Dalcy comments on The Waluigi Effect (mega-post)

Dalcy 3 Mar 2023 11:42 UTC
2 points
0
Therefore, the longer you interact with the LLM, eventually the LLM will have collapsed into a waluigi. All the LLM needs is a single line of dialogue to trigger the collapse.
Hm, what if we do the opposite? i.e. Prompt chatbob starting as a pro-croissant simulacrum, and then proceed to collapse the superposition into the anti-croissant simulacrum using a single line of dialogue; behold, we have created a stable Luigi!

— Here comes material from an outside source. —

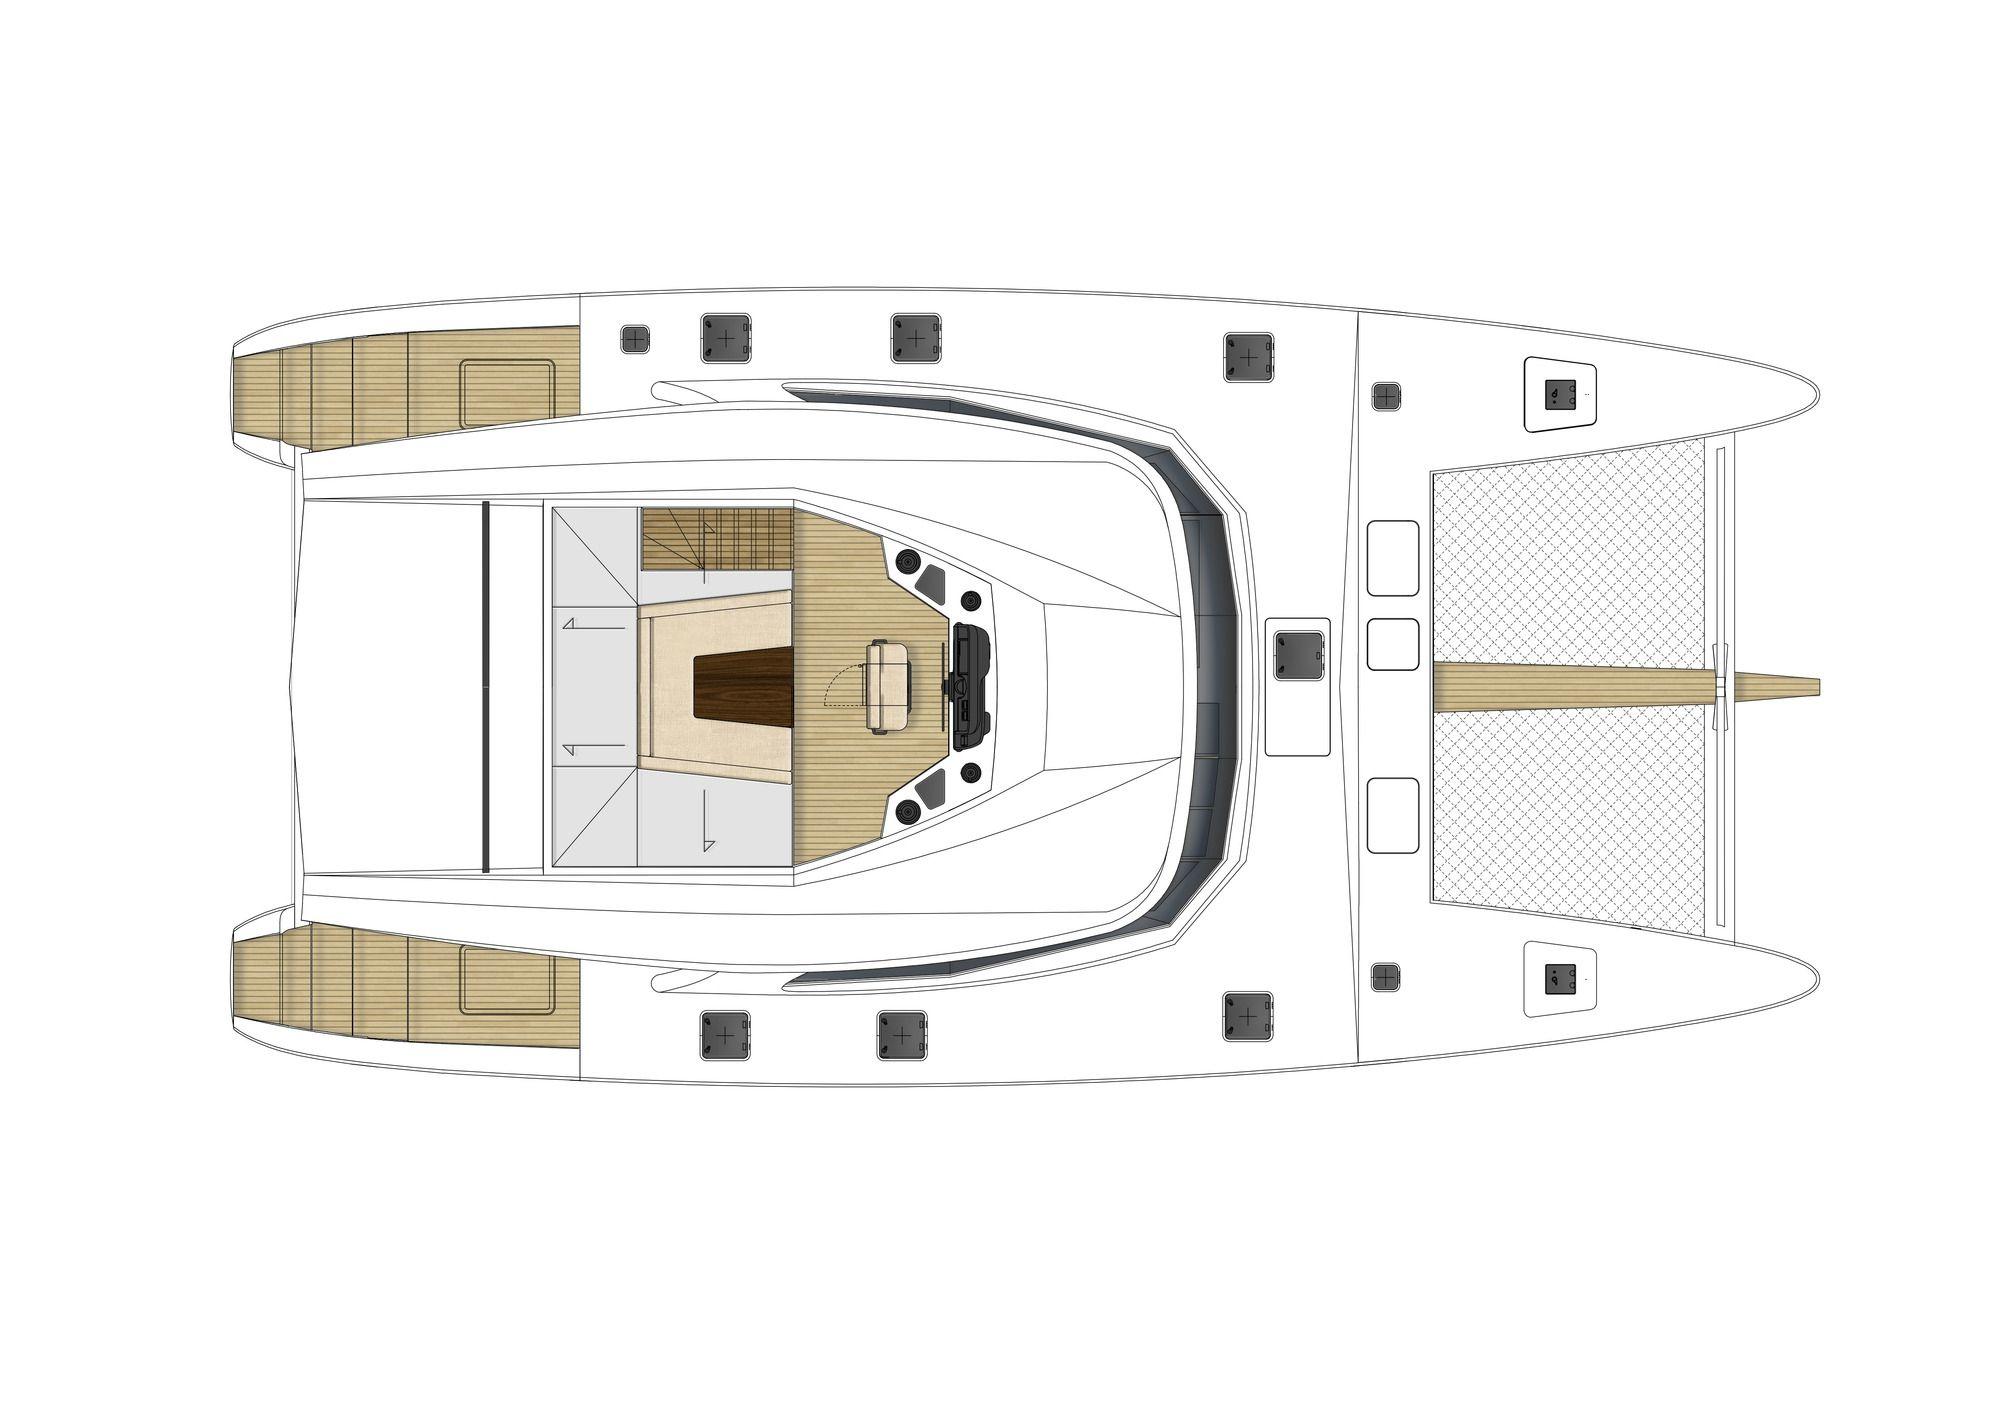 ADEA Sunreef 60 Luxury Catamaran  Middle Deck
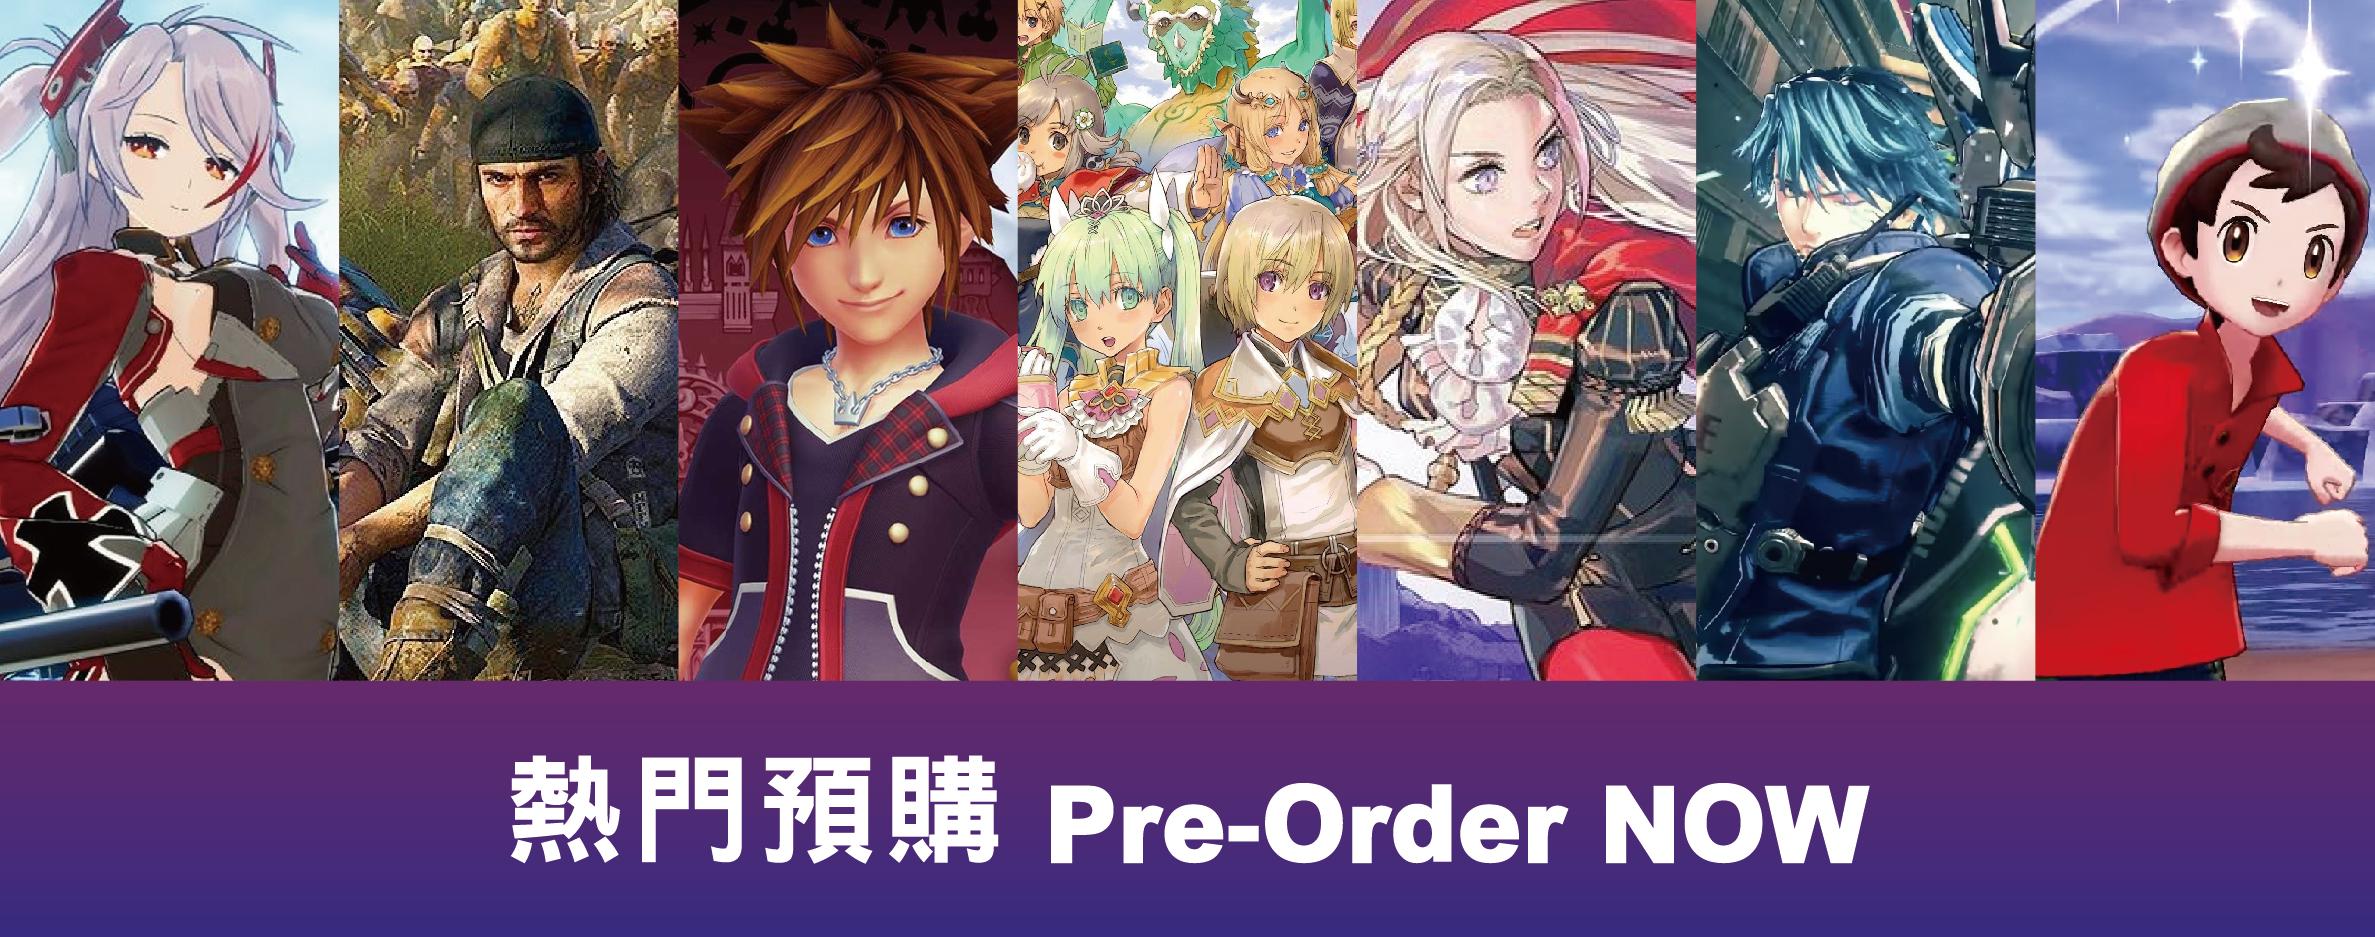 茶米電玩品牌名店 PS4遊戲,Switch遊戲,任天堂,遊戲主機,瑪利歐兄弟,精靈寶可夢,王國之心

I can see how this is more difficult for desirable traits rather than their opposite because fiction usually has the structure of an antagonist appearing after the protagonist (who holds our values), rarely the opposite.
(leaving this comment halfway through—you could’ve mentioned this later in the post)
- Cleo Nardo 3 Mar 2023 12:37 UTC
  7 points
  4
  Parent
  I think this fails — a wawaluigi is not a luigi. See this comment for an explanation:
  
  https://www.lesswrong.com/posts/D7PumeYTDPfBTp3i7/the-waluigi-effect-mega-post?commentId=XmAwARntuxEcSKnem
  TLDR: if I said “hey this is Bob, he pretends to be harmful and toxic!”, what would you expect from Bob? Probably a bunch of terrible things. That definitely isn’t a solution to the alignment problem.